September 12, 2017

Opioid Talk Focuses On Issues And Solutions

Article origination IPBS-RJC
Jim McClelland speaks to a crowd during a discussion on opioid addiction.  - Jill Sheridan/IPB News

Jim McClelland speaks to a crowd during a discussion on opioid addiction.

Jill Sheridan/IPB News

The opioid epidemic was the topic of a discussion at Purdue University where Indiana’s drug czar, Jim McClelland, lead the talk.

Indiana’s executive director for drug prevention, treatment and enforcement, Jim McClelland was appointed by Gov. Eric Holcomb earlier this year and is tasked to tackle the state’s opioid epidemic.

He says the focus right now is to increase treatment access.

“Few people can recover without treatment,” McClelland says. “Medicated treatment is the gold standard, a combination of medication and behavioral therapy.”

Regenstrief Center for Health Care Engineering or RCHE hosted the discussion attended by public health officials, police, Purdue faculty and people from the community.

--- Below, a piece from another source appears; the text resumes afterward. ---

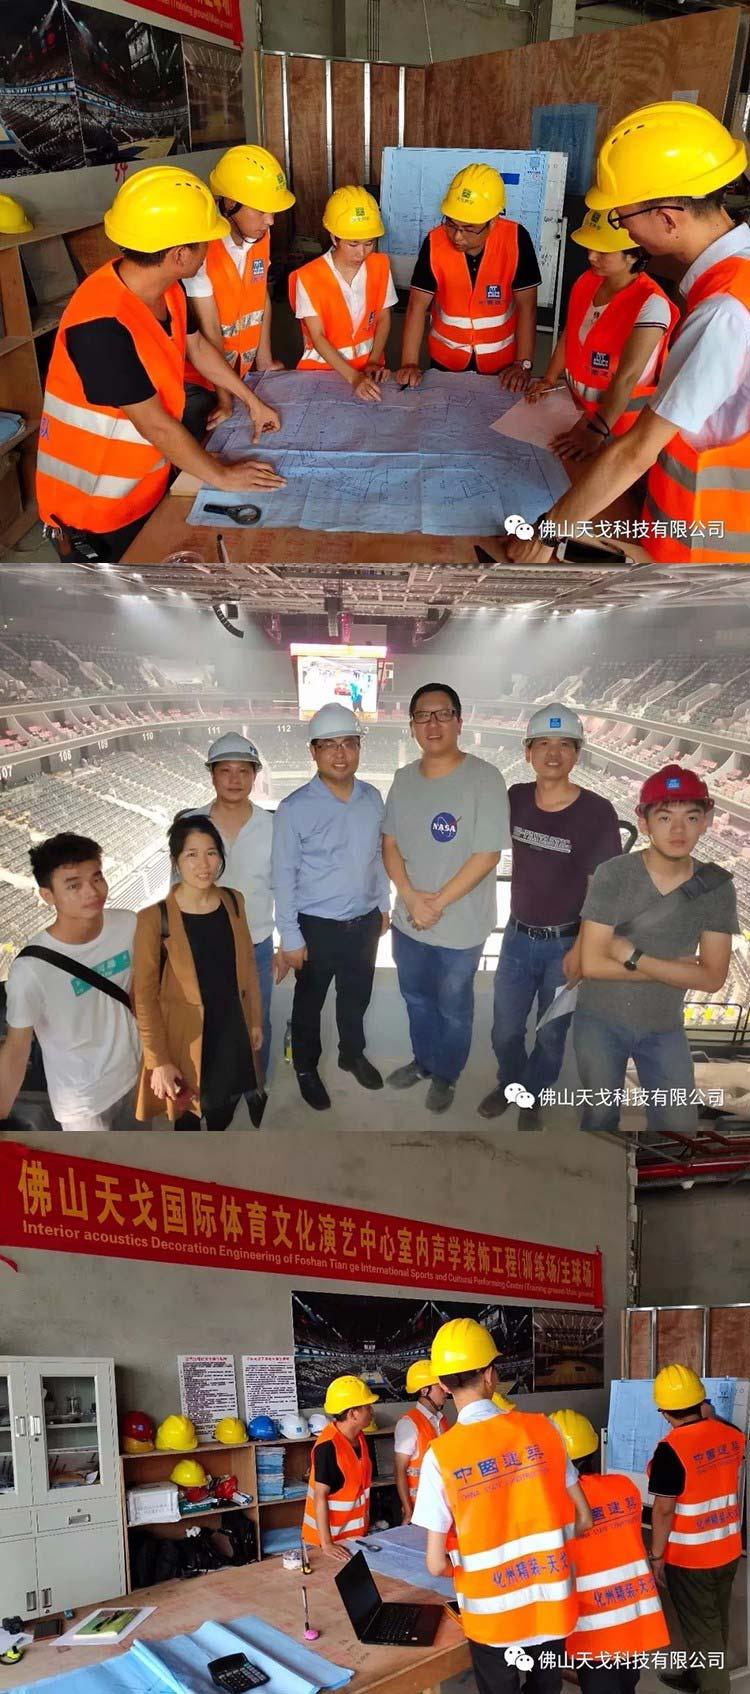 中国的斯台普斯——佛山国际体育文化演艺中心特辑

RCHE director, Paul Griffin says McClelland understands the complexity of the issue and that there is no one size fits all.

“You can’t address a single component of it, you have to look at it as a system, but that’s hard it takes community engagement and the commitment of a lot of different expertise and background,” says Griffin.

McClelland says stigma still a big issue.

“Everyone is willing to jump in and help recover from a natural disaster,” he says. “Unfortunately not as many are willing to help people recover from an opioid use disorder.”

Gibson says community support is key but everyone has to buy in. He uses Tippecanoe’s new needle exchange program as an example.

“Something that seems as simple as that to and help address this issue turns into a complicated community problem,” says Gibson.

McClelland says Indiana is actually ahead of other states. Recent moves have created five new treatment programs, instituted a Medicaid policy change to cover methadone and established a handful of pilot programs.